Like many others, Klebold also wonders whether there were signs that she'd missed that may have foretold her son's actions. According to his mother, Dylan Klebold had been a gifted young man, and "the kind of kid who makes you feel like you're being a good parent," she said. While his grades began to slack in high school, Dylan had friends, did production for school plays and had an adept interest in computers. The weekend before the shooting, he'd gone to prom with a classmate, traveling there in a limo with a group of friends.

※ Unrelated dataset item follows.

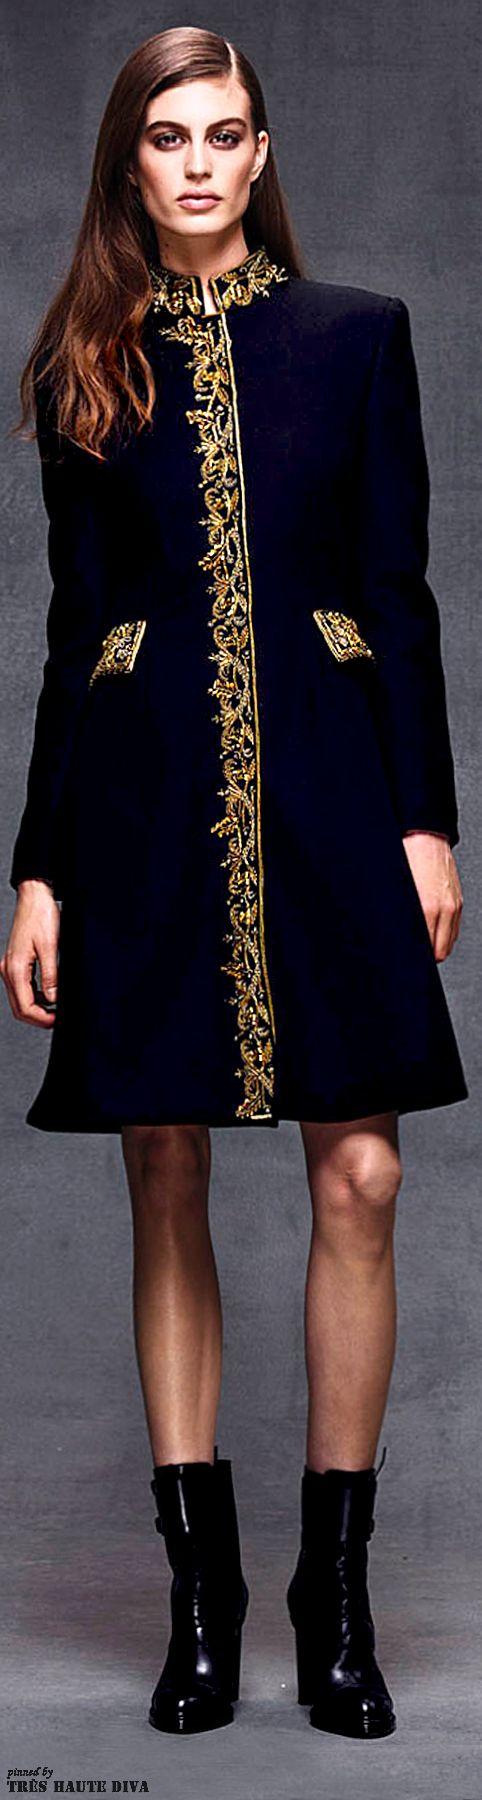 Alberta Ferretti Pre-Fall 2014 www.vogue.com/...

"You can imagine my disconnect," Klebold said Sunday.

In the months following the shooting, Klebold still clung to the idea that her son's involvement might have been some sort of mistake. After all, he'd been involved in theater as a sound technician for a school play - might this be some sort of prank? Perhaps it started as a performance, or maybe someone had given him a prop gun and things got out of control, she recalls considering.

It wasn't until six months later, when she was able to read a police report of the incident, that Klebold was able to accept what had happened.

While she acknowledges that some people find it offensive to say, Klebold still views her son's death as a suicide. She knows of and understands some people's opposition to that stance, wanting only to label him as a murderer and not one of the victims on that deadly day. But in the months after it happened, Klebold found notes stuffed in her son's notebook that indicated that he was "in agony." Dylan wouldn't have co-created his horrendous plan had he not resolutely intended to die, she reasons.

Klebold understands now that underlying all of her son's agony was undiagnosed mental illness. Since the shooting, that illness has compounded, and continues to compound, in so many lives and families affected Dylan's actions. The tragedy has had a resounding emotional toll on the school's teachers and students, on the first responders to the scene, on the Columbine community at large and so many others; it's a pain that doesn't go away, she said.

"It's not just the one day; it's the ripples," Klebold said.

For years, Klebold dealt with the pain and humiliation as best she could while suffering from newfound bouts of depression and panic attacks. Slowly, she has felt herself shifting from a victim to a survivor as she undertakes mental health advocacy work.

Still, there is "always a piece of me that blames myself," she said. If she could go back and change things, Klebold said that first and foremost, she would try to make "an environment where he could talk, and I would just listen." Had she been a better listener, she believes Dylan would have been willing to share his internal strife, rather than bottle it up as he did.

"As parents, we believe it is our job to help our kids feel better," Klebold said. "I think our more important job is to just help them feel."

But, of course, things don't happen "in a vacuum," she said. Dylan had direct interactions with the criminal justice system, the school system and the health care system before the shooting, none of which seemed able to detect what he was planning.

Therein lies room for improvement, so long as those systems are willing to take mental health care reform more seriously, she said.

Klebold's own experiences do not exist in a vacuum either. Sitting in the front row for her presentation was state Sen. R. Creigh Deeds, D-Bath, who suffered his own family tragedy in 2013 when his mentally ill son, Austin "Gus" Deeds, stabbed his father multiple times before taking his own life.

"It's incredibly difficult to try and make sense out of the senseless," Deeds said. "What she can talk about is our negligence with respect to the way we care for mental illness and those who have it, and our failure in the past to address that."

Deeds, an outspoken proponent of reforming the state's mental health care system, said mental illness often gets short shrift compared with other medical maladies, despite the fact that mental illness affects "nearly every family in some respect."

"More than 50 percent of people with problems go more than 10 years from the onset of those problems until they get treatment, and that's unacceptable," Deeds said. "We have to reduce the stigma and we also have to invest, as a nation and a state, in care for the mentally ill."